Historic house in Maine, United States

The Algernon Bangs House is a historic house at 16 East Chestnut Street in Augusta, Maine. Built in 1892, it is a distinctive and idiosyncratic exhibition of Queen Anne architecture. It was listed on the National Register of Historic Places in 1982, and now houses professional offices.

==Description and history==
The Bangs House stands in eastern Augusta, on the south side of Chestnut Street, a short way east of the Kennebec Pediatrics medical center. It is a 2 1/2-story wood-frame structure, with a clipped gable roof, foundation of brick and stone, and exterior finished in wooden clapboards and shingles. The front (north-facing) facade is two bays wide, with a single-story porch wrapping around to both sides.
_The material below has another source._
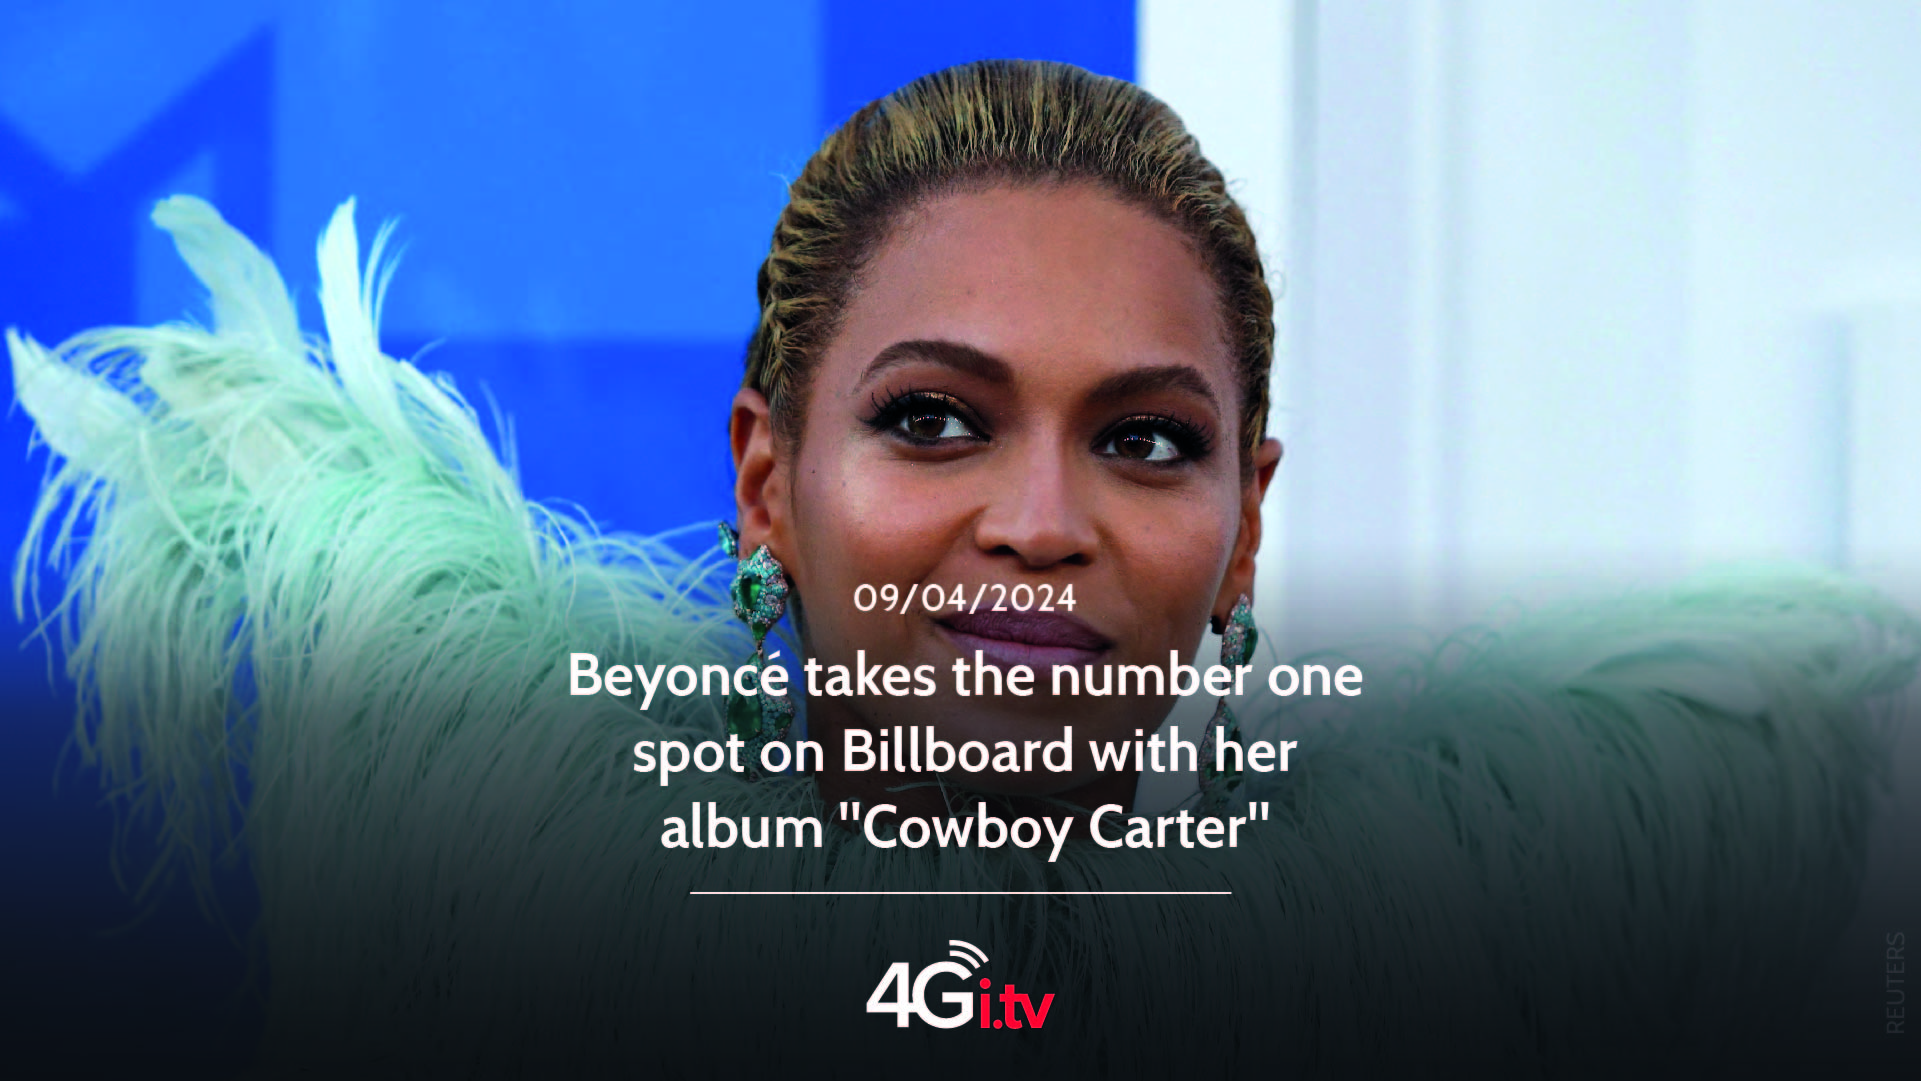 Подробнее о статье Beyoncé takes the number one spot on Billboard with her album “Cowboy Carter”
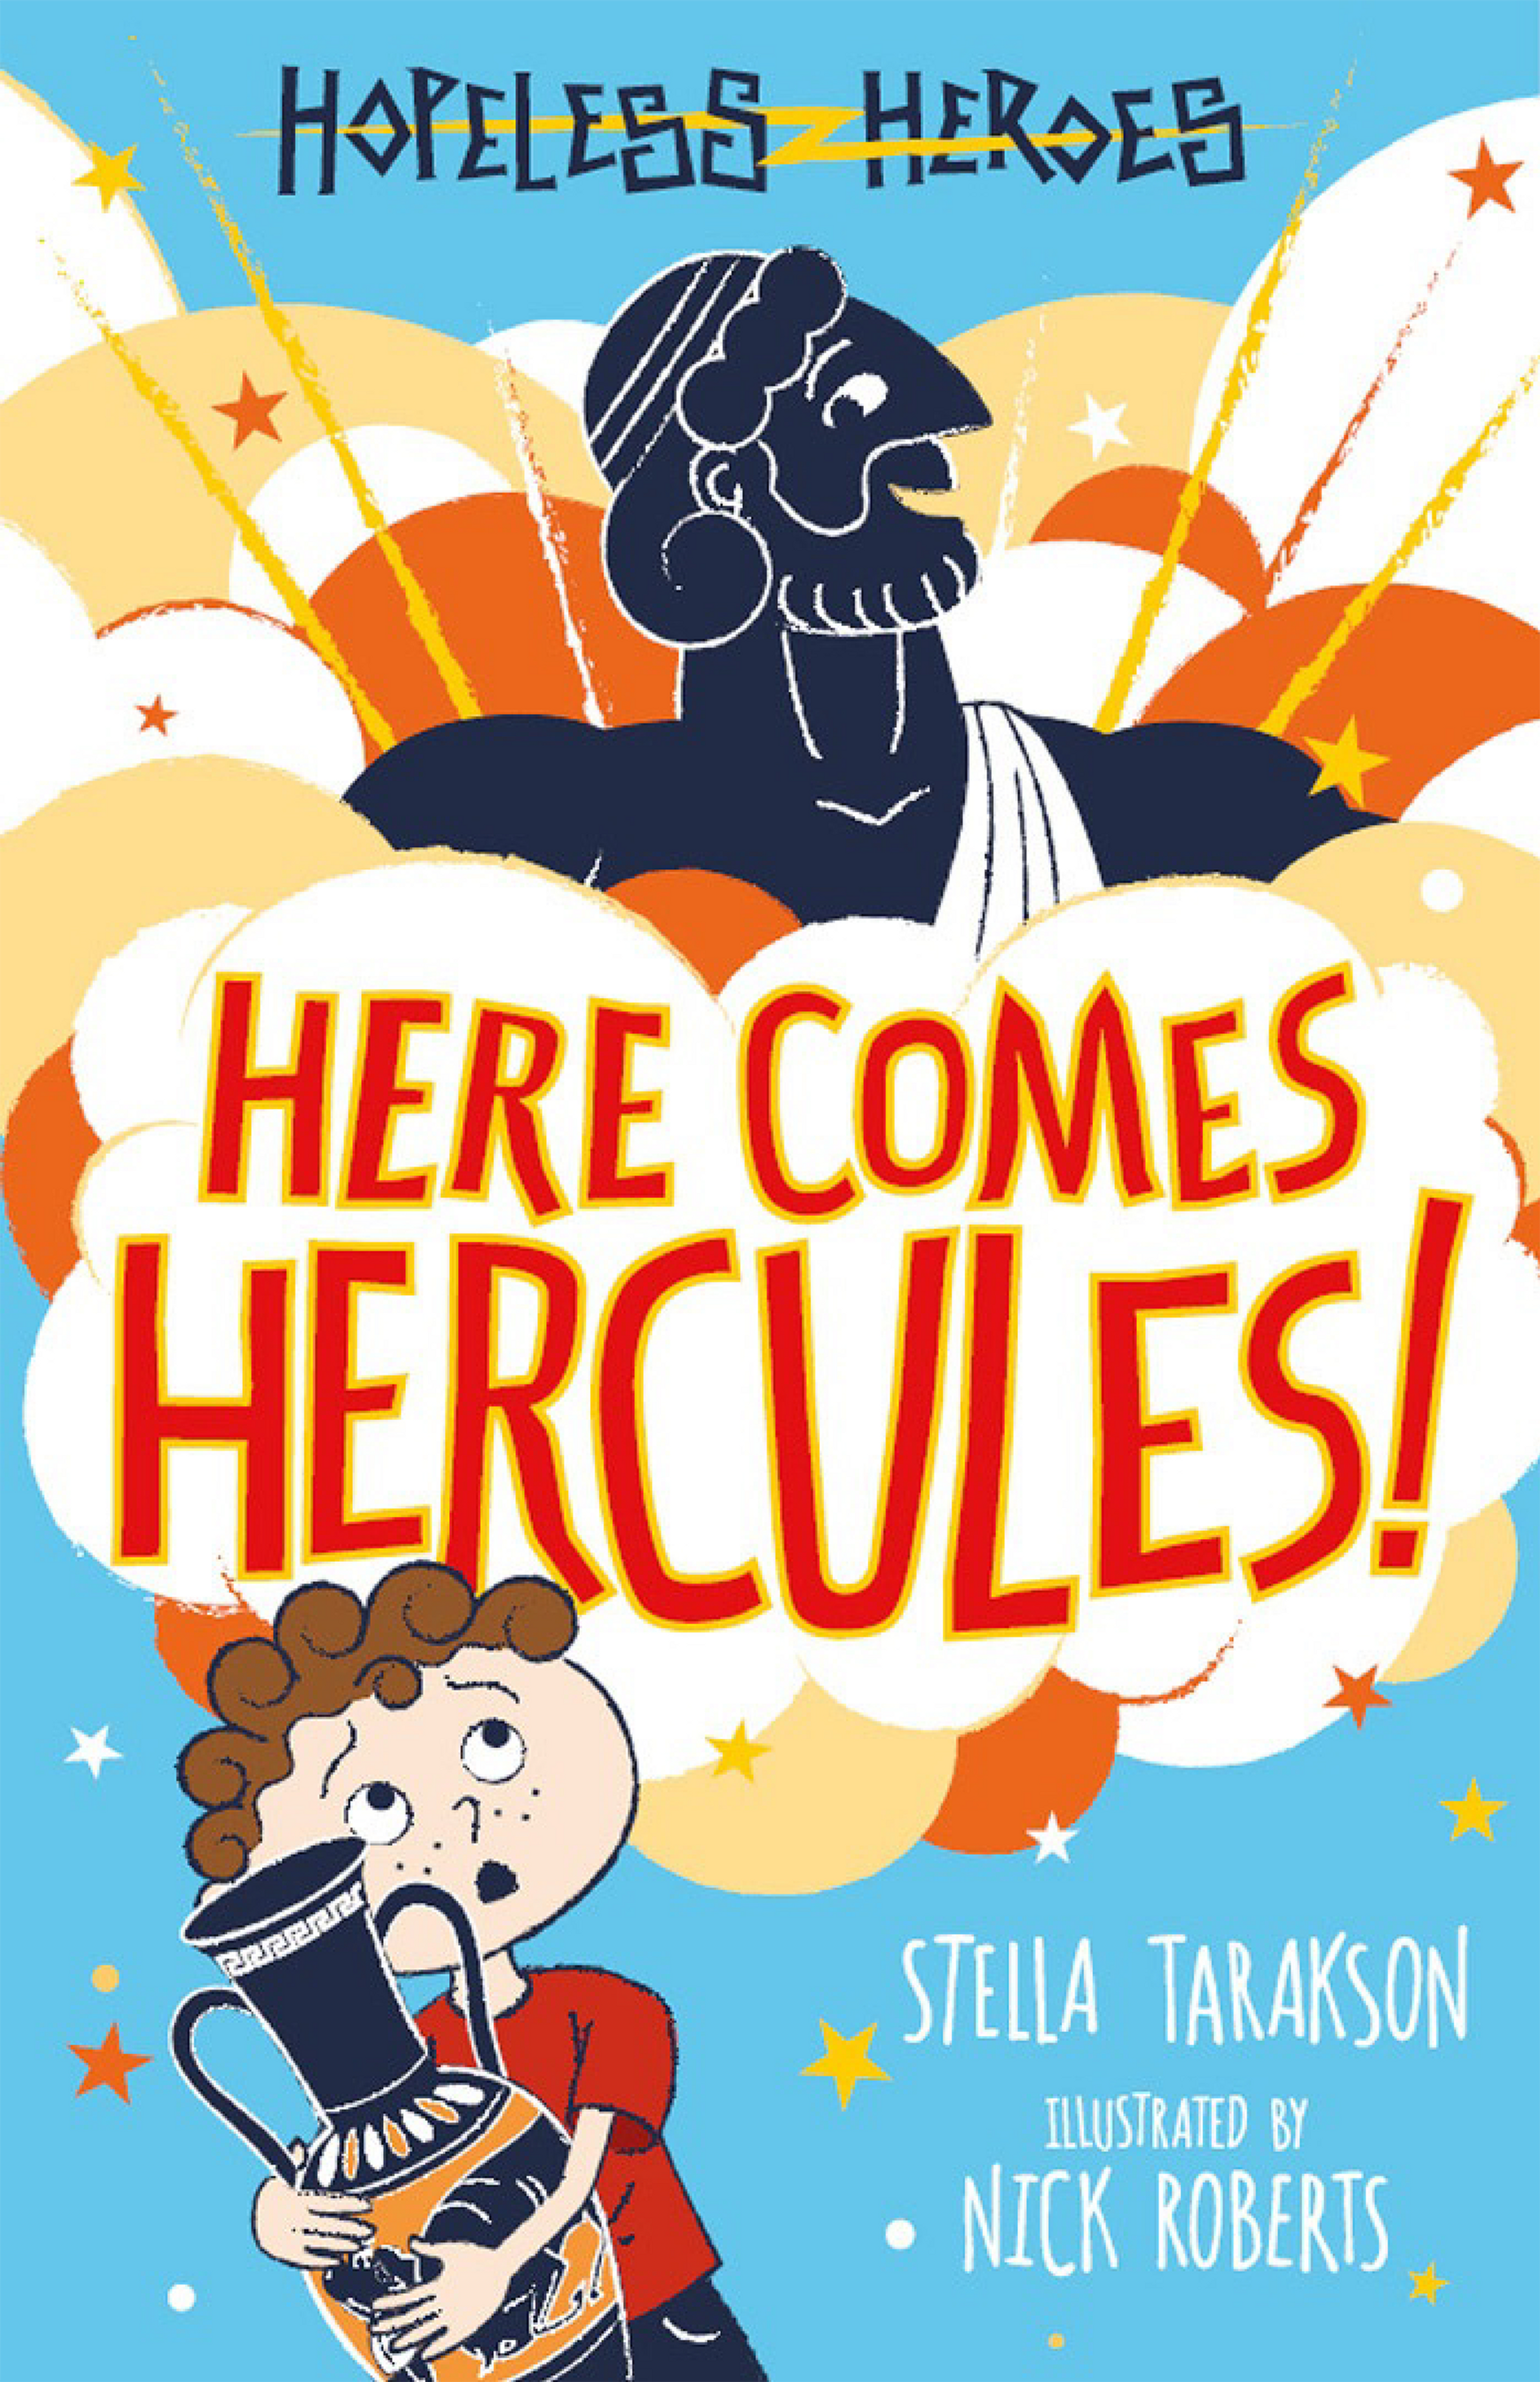 here comes hercules!

The porch has a spindled valance, turned posts, and carved brackets, and a balustrade covered by scalloped shingles. The windows on the upper levels are of unusual sizes and shapes, including two small square windows and a triangular fixed-pane window just below the clipped gable. The west facade faces St. Catherine Street, and is dominated by a three-story tower topped by a pyramidal roof with flared lower section.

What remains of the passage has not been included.